[DATASET CONTENT]
◇ ◇ ◇ ◇
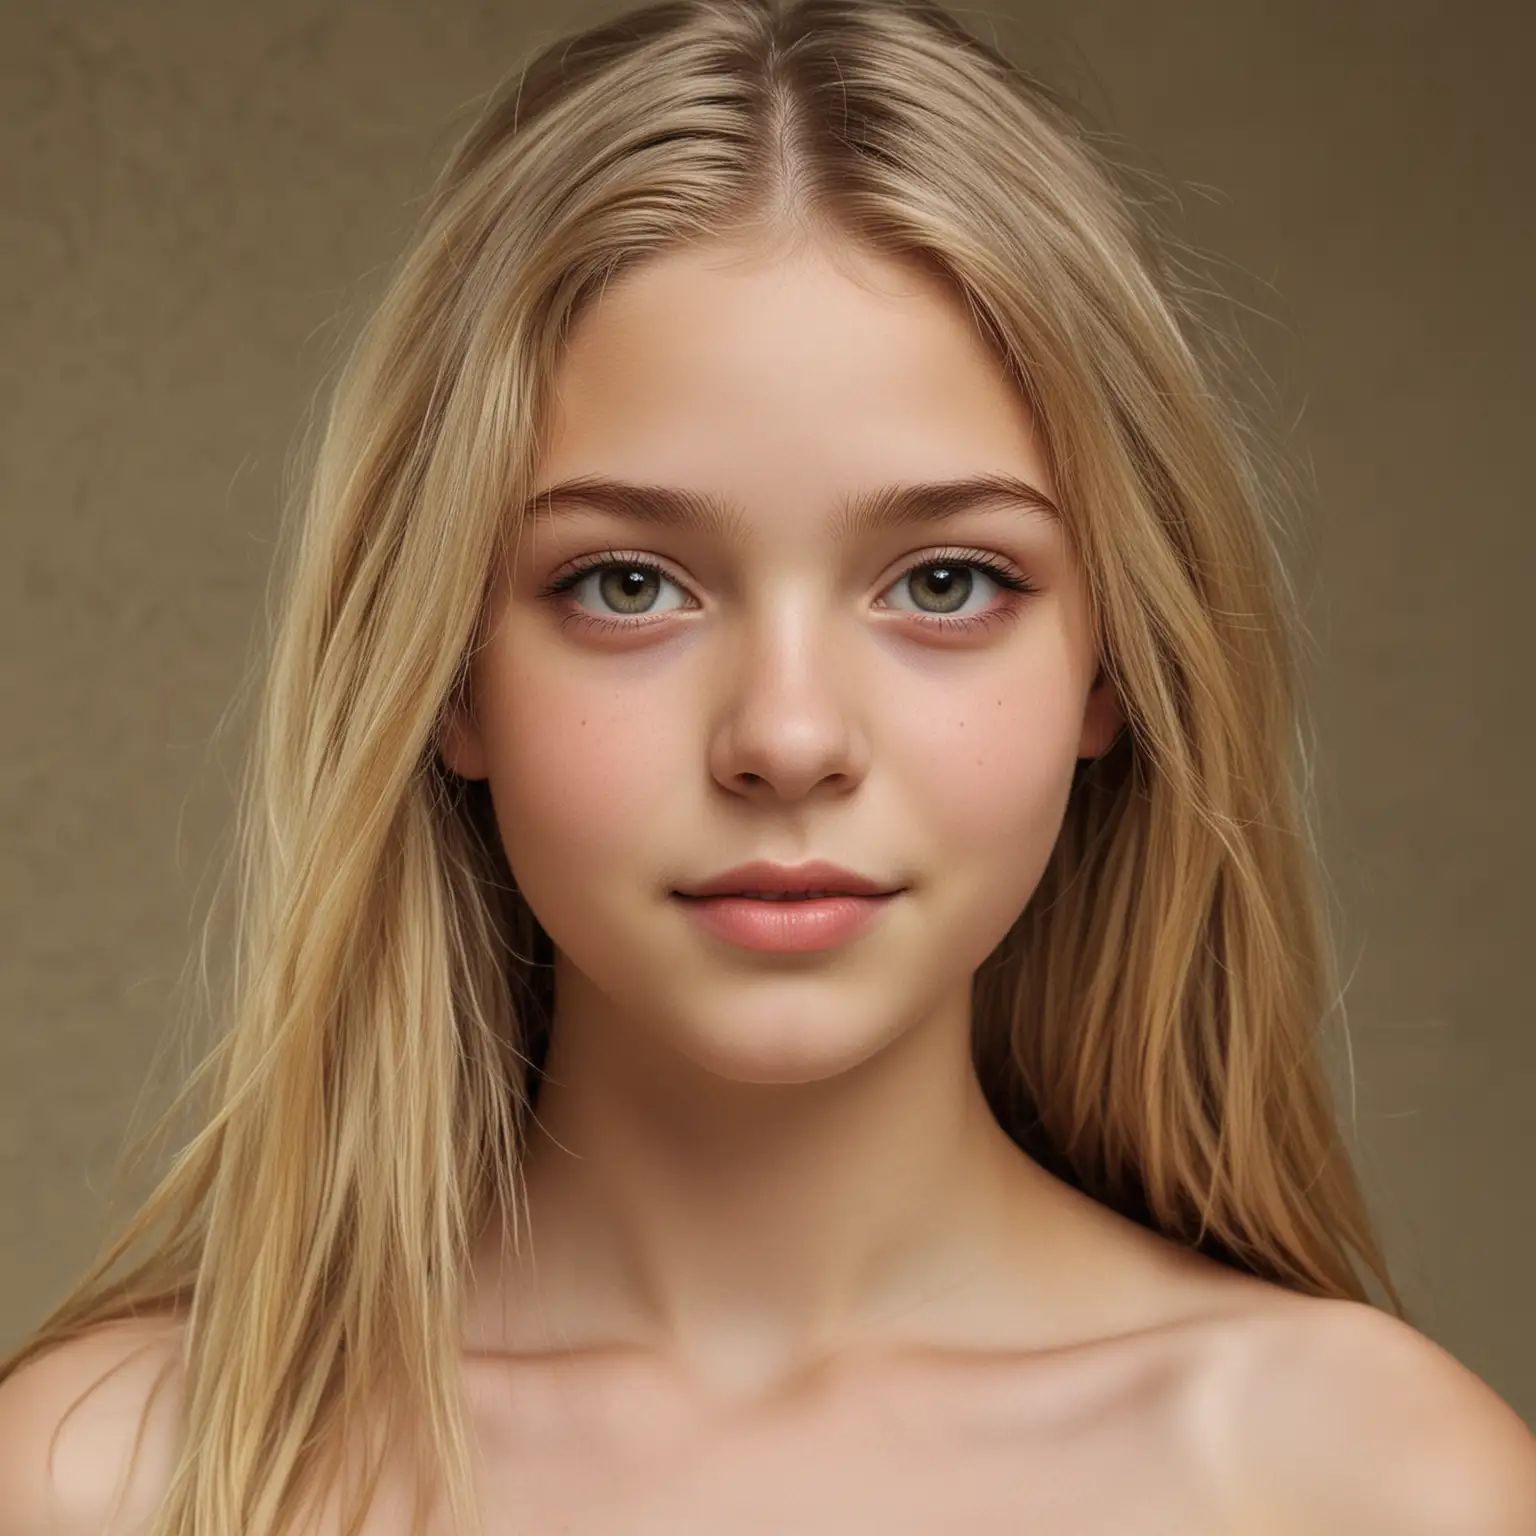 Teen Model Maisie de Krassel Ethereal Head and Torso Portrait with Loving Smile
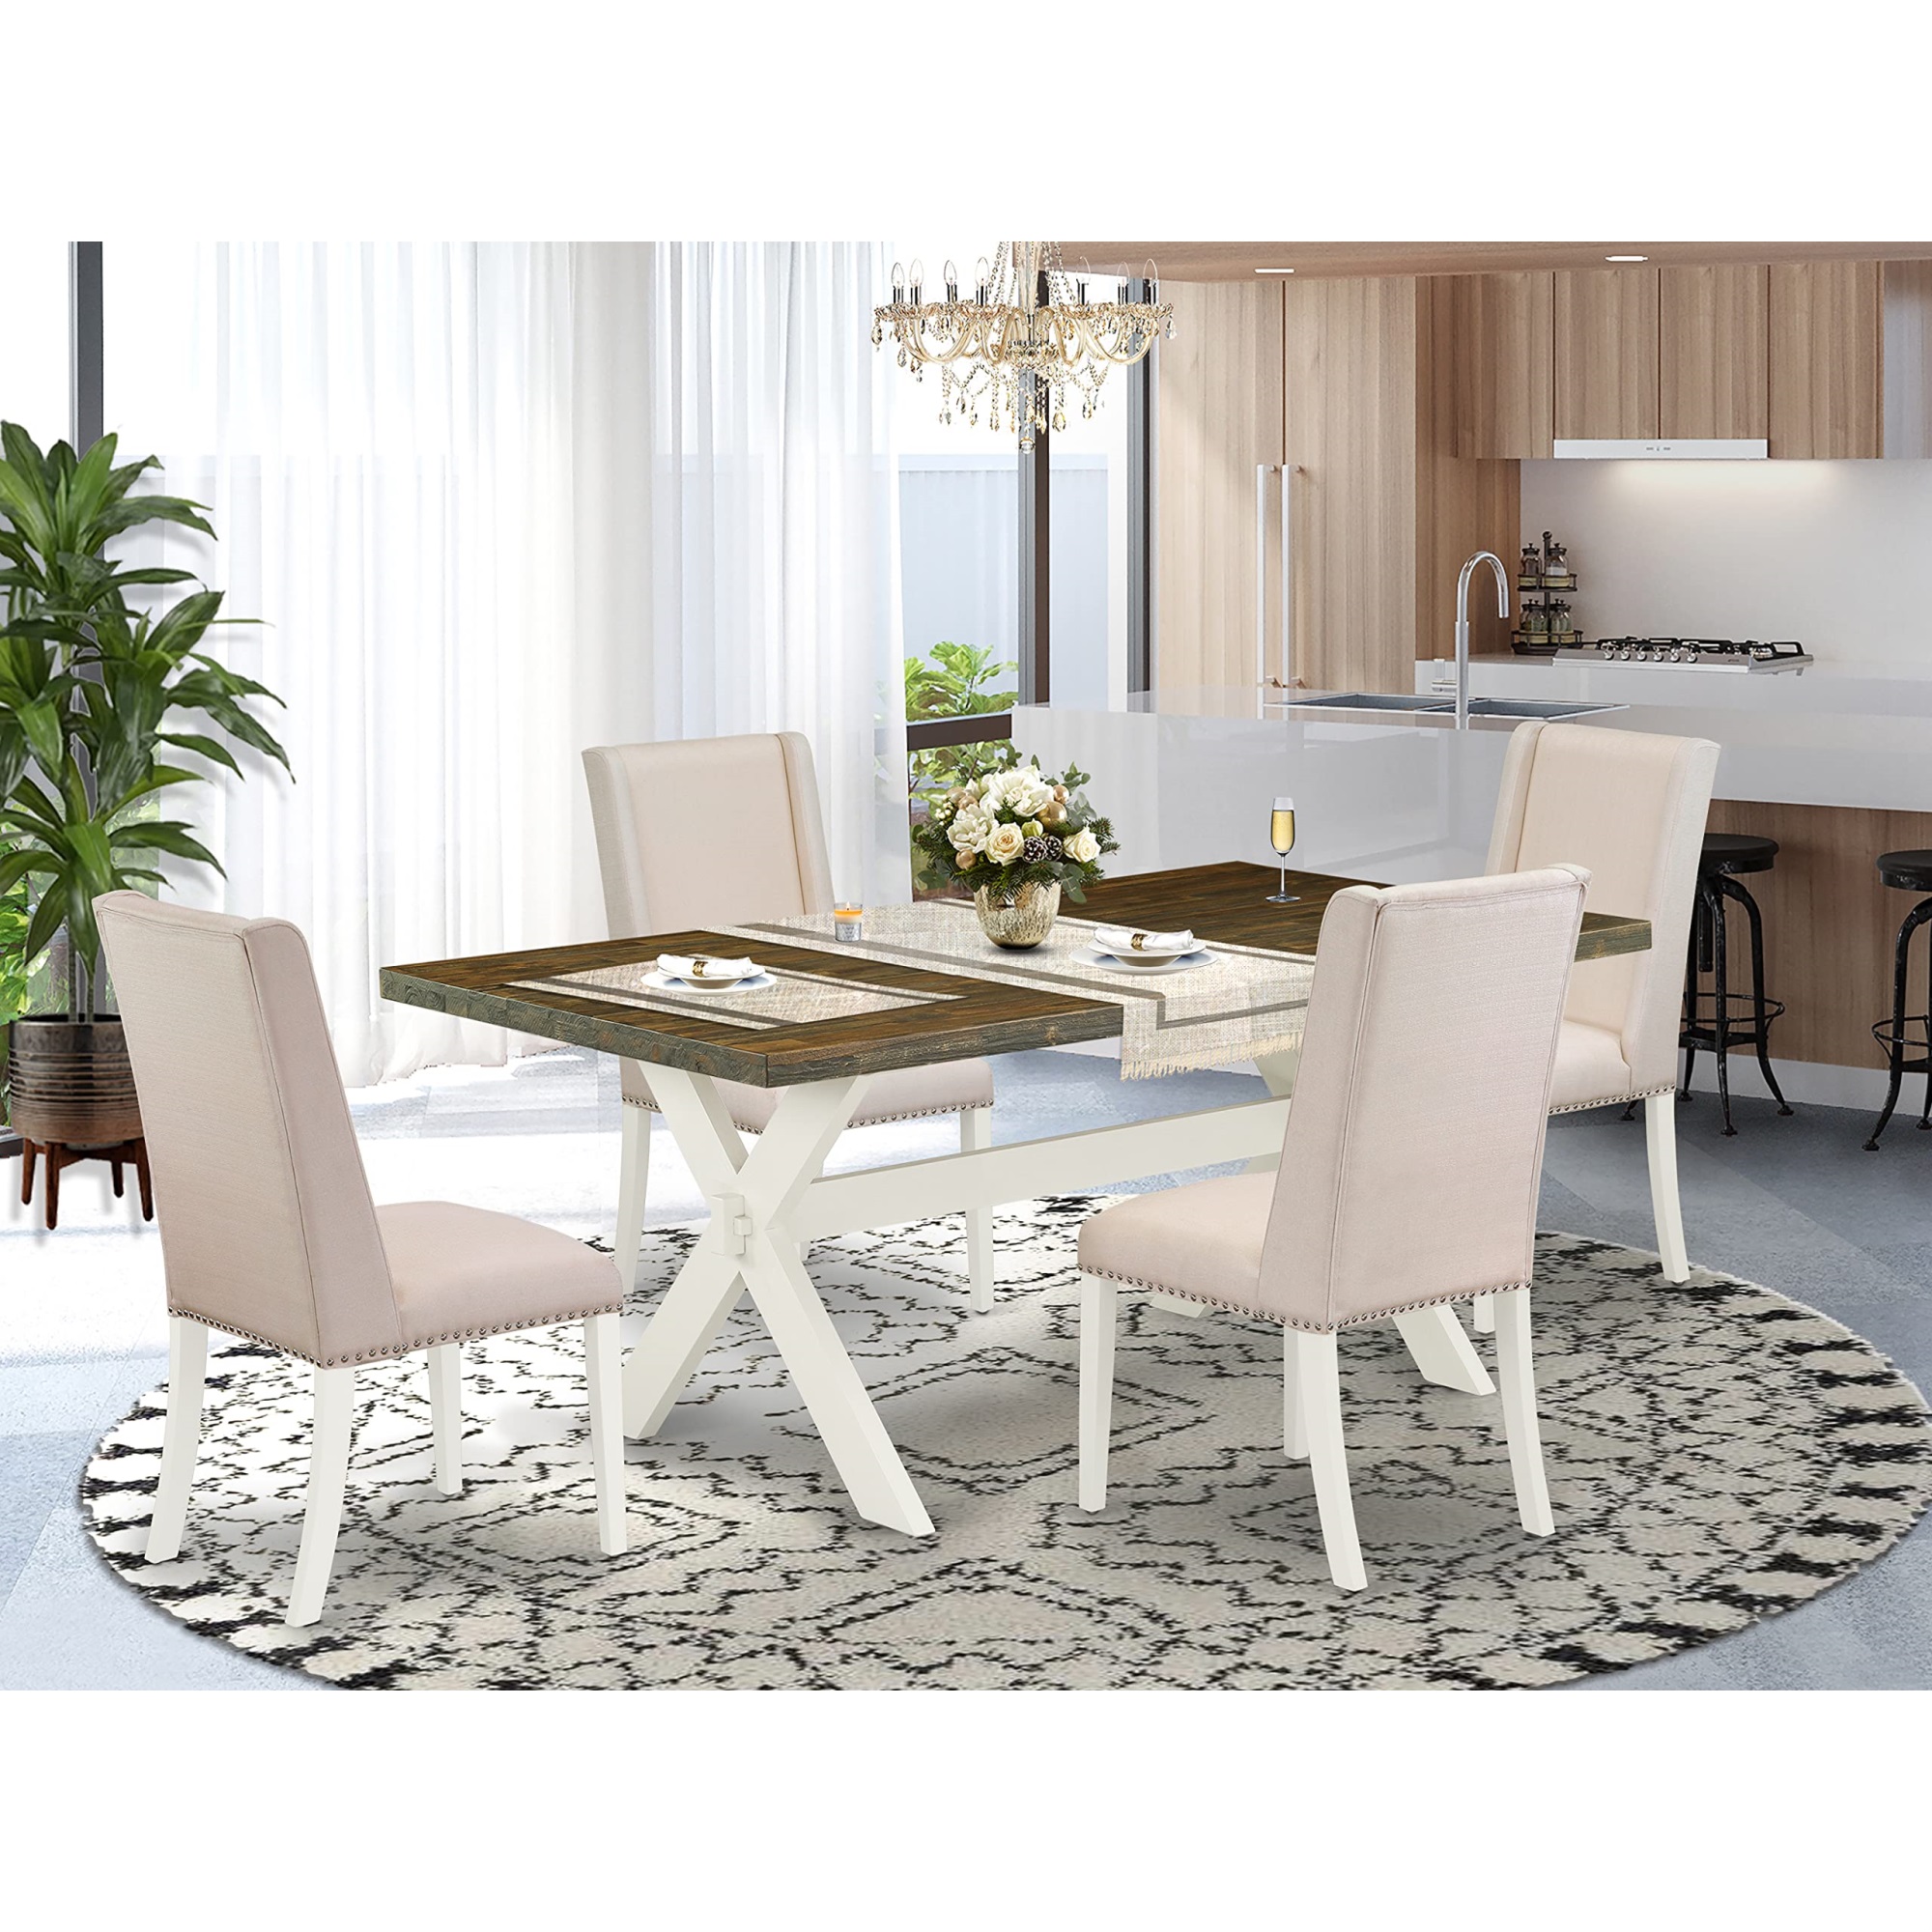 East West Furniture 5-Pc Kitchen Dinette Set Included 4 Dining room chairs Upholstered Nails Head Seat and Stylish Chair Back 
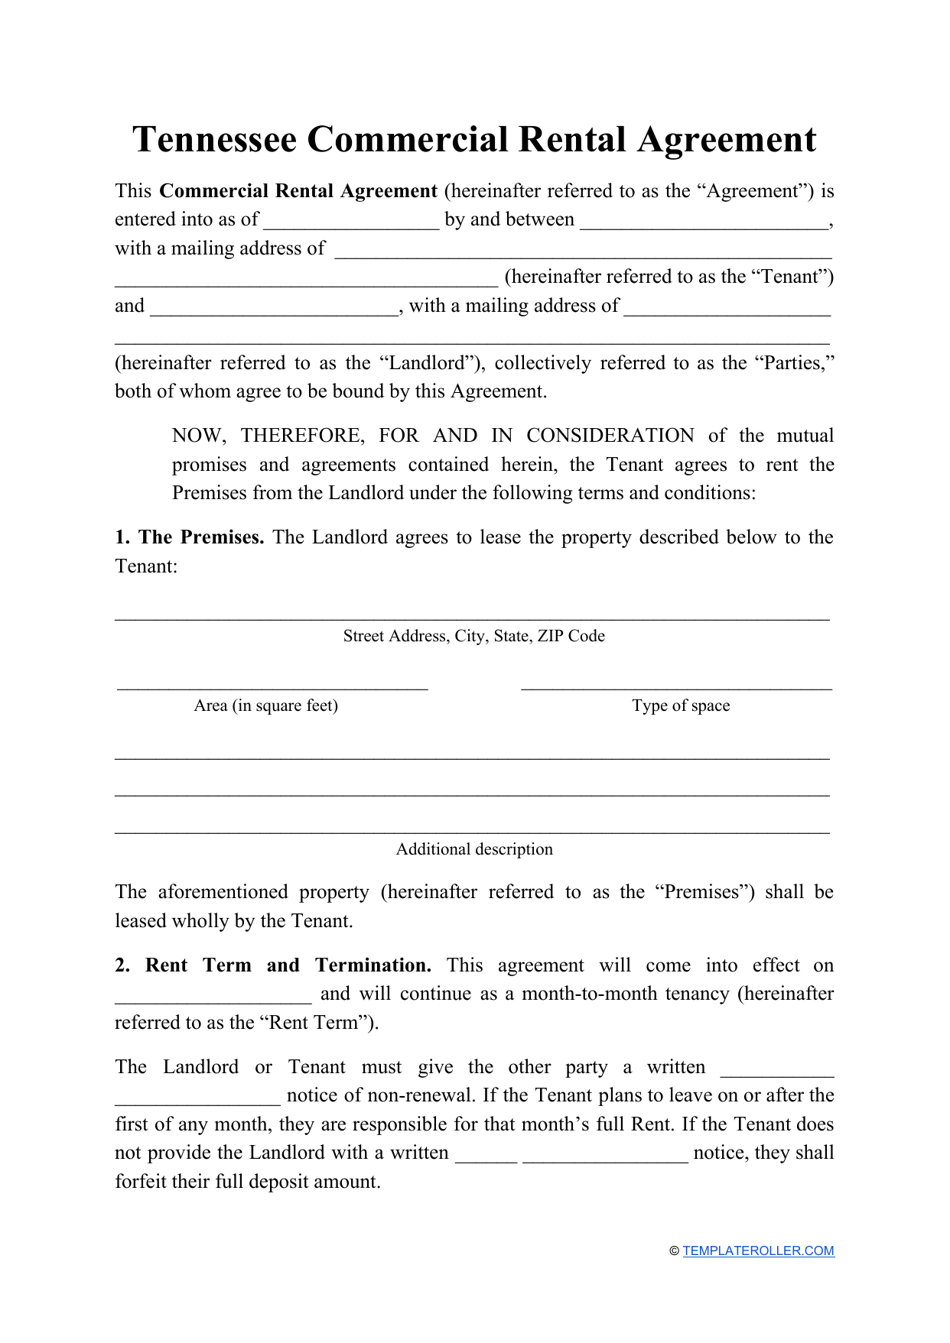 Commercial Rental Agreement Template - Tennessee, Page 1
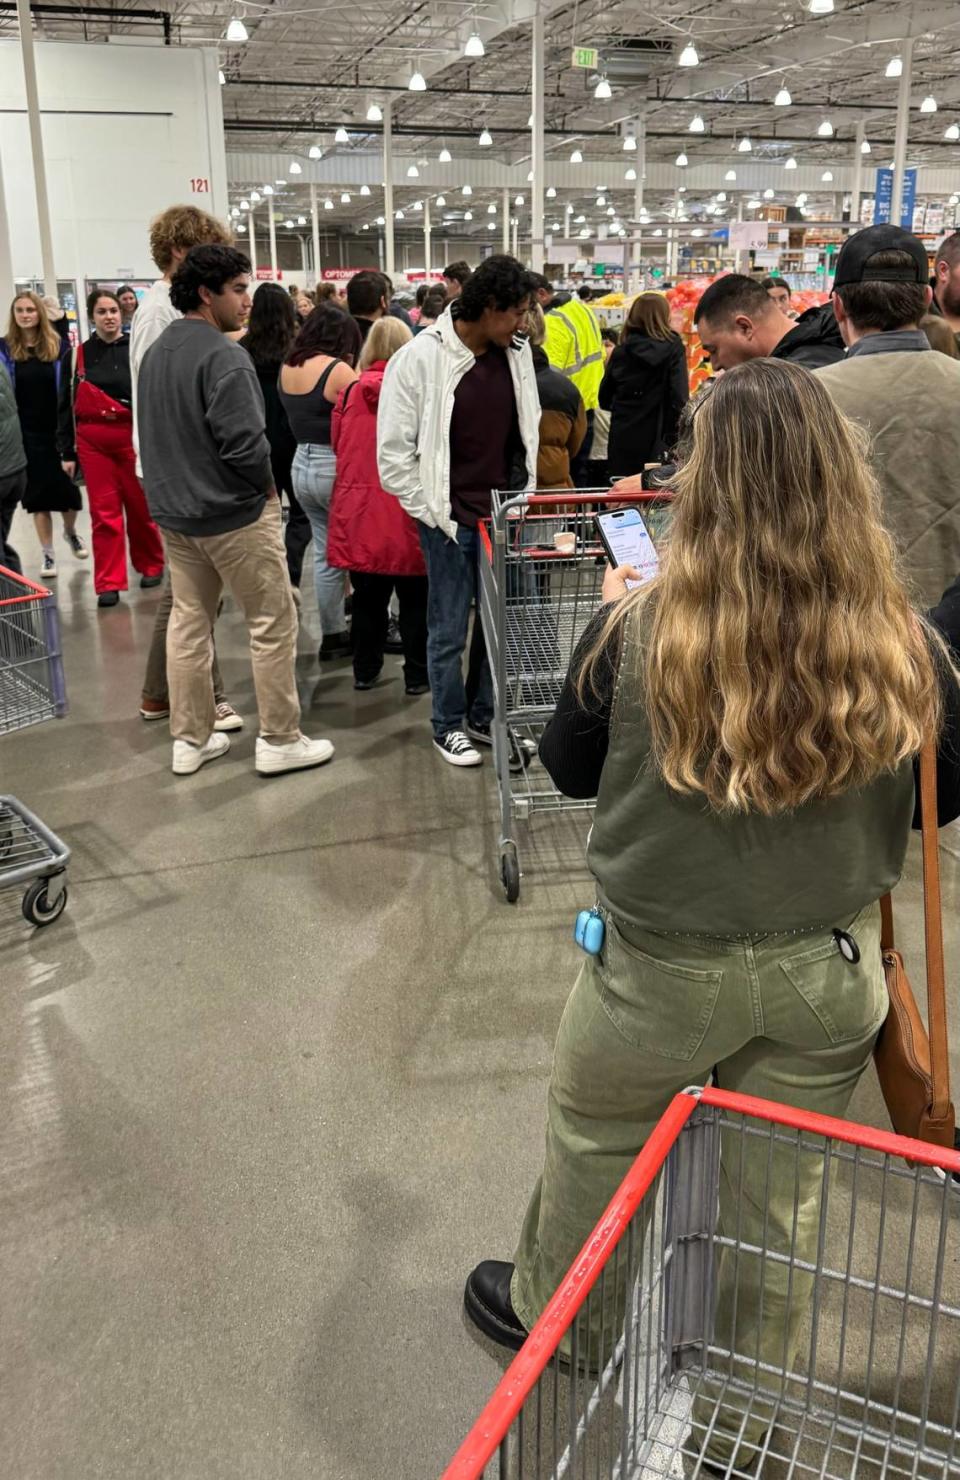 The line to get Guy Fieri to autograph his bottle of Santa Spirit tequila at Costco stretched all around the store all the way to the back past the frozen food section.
◇ ◇ ◇ ◇
Would you set down each line of the listing above exactly, apart from the pictures?

[ANSWER TO THE EXERCISE]
 Teen Model Maisie de Krassel Ethereal Head and Torso Portrait with Loving Smile
 East West Furniture 5-Pc Kitchen Dinette Set Included 4 Dining room chairs Upholstered Nails Head Seat and Stylish Chair Back 
 Commercial Rental Agreement Template - Tennessee, Page 1
 The line to get Guy Fieri to autograph his bottle of Santa Spirit tequila at Costco stretched all around the store all the way to the back past the frozen food section.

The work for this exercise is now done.